It's now common knowledge millennials are the crowned rulers of social media.

Also known as Generation Y, the typical 18 to 34-year-old crowd has grown alongside the digital age. It's second nature for many millennials to update their lives on multiple social networks.

Social media provides a place where people can share every intimate part of their life, one post at a time. There's not much that's off-limits, from the intriguing to the mundane, even the offensive.

With so many details about people's lives floating around the internet, it's not surprising plastic surgery procedures are also openly revealed and discussed on social media.

Millennials lead the way for candid posts about plastic surgery. From posting about their surgery journey- snapping selfies in the waiting room- to showing off photos of obvious body changes, there is little shame associated with the decision to go under the knife for beauty.

Plastic surgery overall has skyrocketed in the U.S. over the past 19 years from about 1.6 million total procedures in 1997, to nearly 13 million in 2015, according to the American Society of Aesthetic Plastic Surgery.

The ASAPS is an organization made up of plastic surgeons certified by the American Board of Plastic Surgery who focus on aesthetic surgery rather than reconstructive surgery. The group works on providing research and education on plastic surgery.

ASAPS data found Americans spent $13.5 billion on combined surgical and nonsurgical procedures in 2015. That's a $1.5 billion increase since 2014. A nonsurgical procedures refers to services such as Botox or lip fillers as opposed to breast augmentation or liposuction.

Just over the past five years, cosmetic procedures have increased 39 percent in the U.S.

Millennials account for nearly 18 percent of all procedures done in 2015, according to the ASAPS. They may not be the age group with the most procedures done, but it's still a large group.

Although many patients still remain hushed about their plastic surgery, Dr. Daniel C. Mills, the President of the ASAPS, said sharing on social media is common inside plastic surgery centers and hospitals.
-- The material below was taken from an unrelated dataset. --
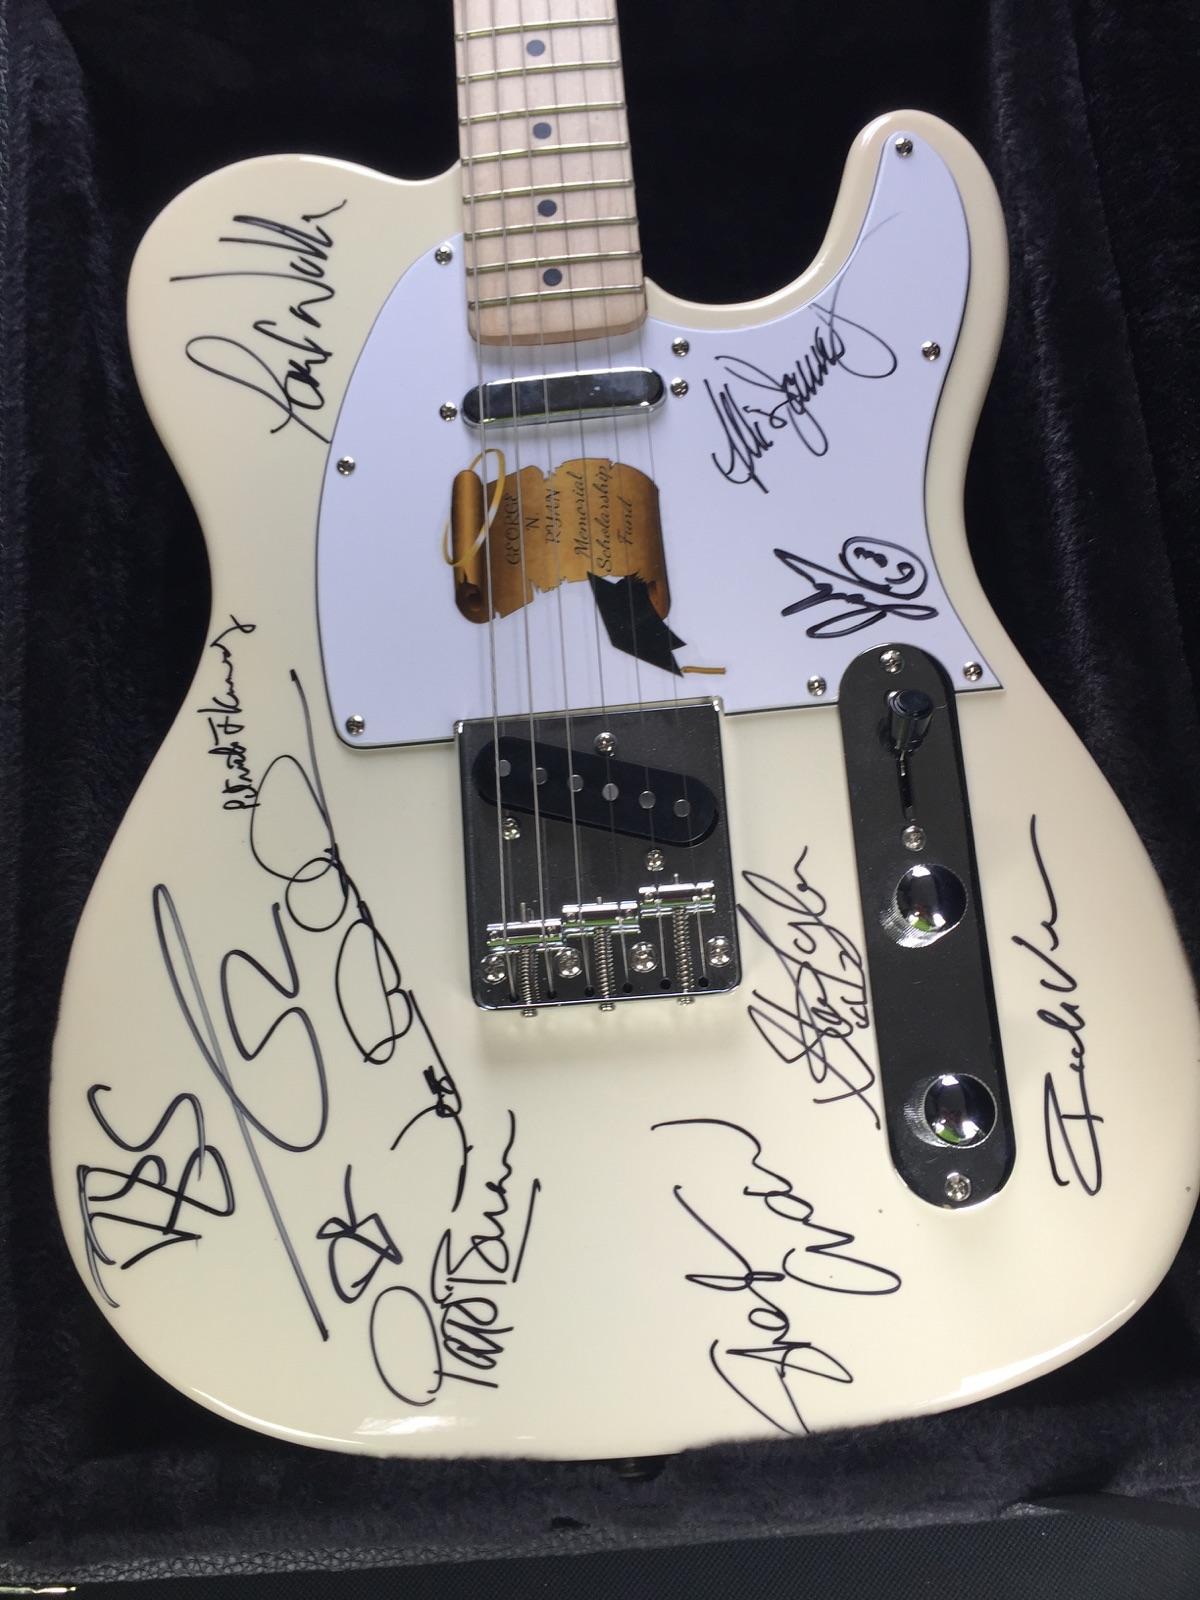 gnr guitar 2016.jpeg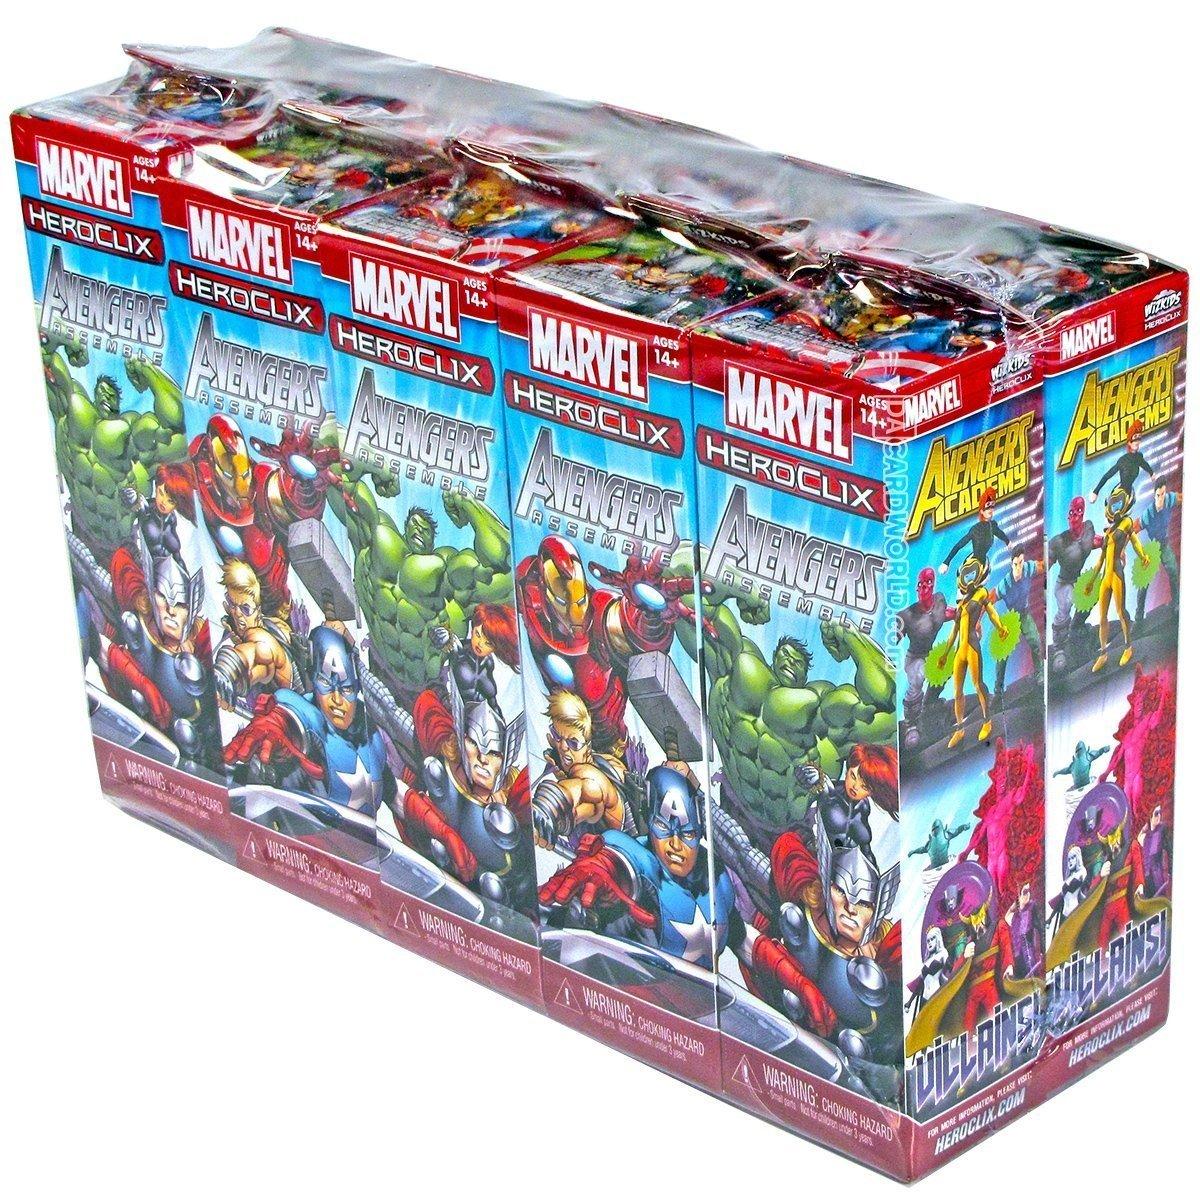 Marvel HeroClix: Avengers Assemble Booster Brick

"The number of millennials willing to do that is a lot more than any age group," Mills said. "They're just used to it."

Mills explained that for millennials, it's not about whether or not to share a post about their plastic surgery, it's what social platform to post it on.

"They're just much more open about it on social media," Mills said. "They've grown up with it."

Social media can also play a major role in encouraging or inspiring a person to surgically enhance their body.

With nearly 78 million followers on Instagram, Kylie Jenner, famous member of the Kardashian family, is one of social media's reigning queens.

The 19-year-old launched a media frenzy in 2015, when she admitted to having lip injections to create her now sought-after lips.

There may be no proven scientific correlation between Kylie's lips and millennial plastic surgery, but according to the ASAPS, lip fillers, formally known as hyaluronic acids or collagen, saw a 27 percent increase in 2015 with more than two million procedures performed.

These filler enhancements ranked as the third most popular nonsurgical procedure for millennials in 2015, following hair laser removal and Botox, according to ASAPS data.

"It is fascinating," Mills said. "To see somebody's lips on social media and come in and say, 'I want this', even if it doesn't look natural,"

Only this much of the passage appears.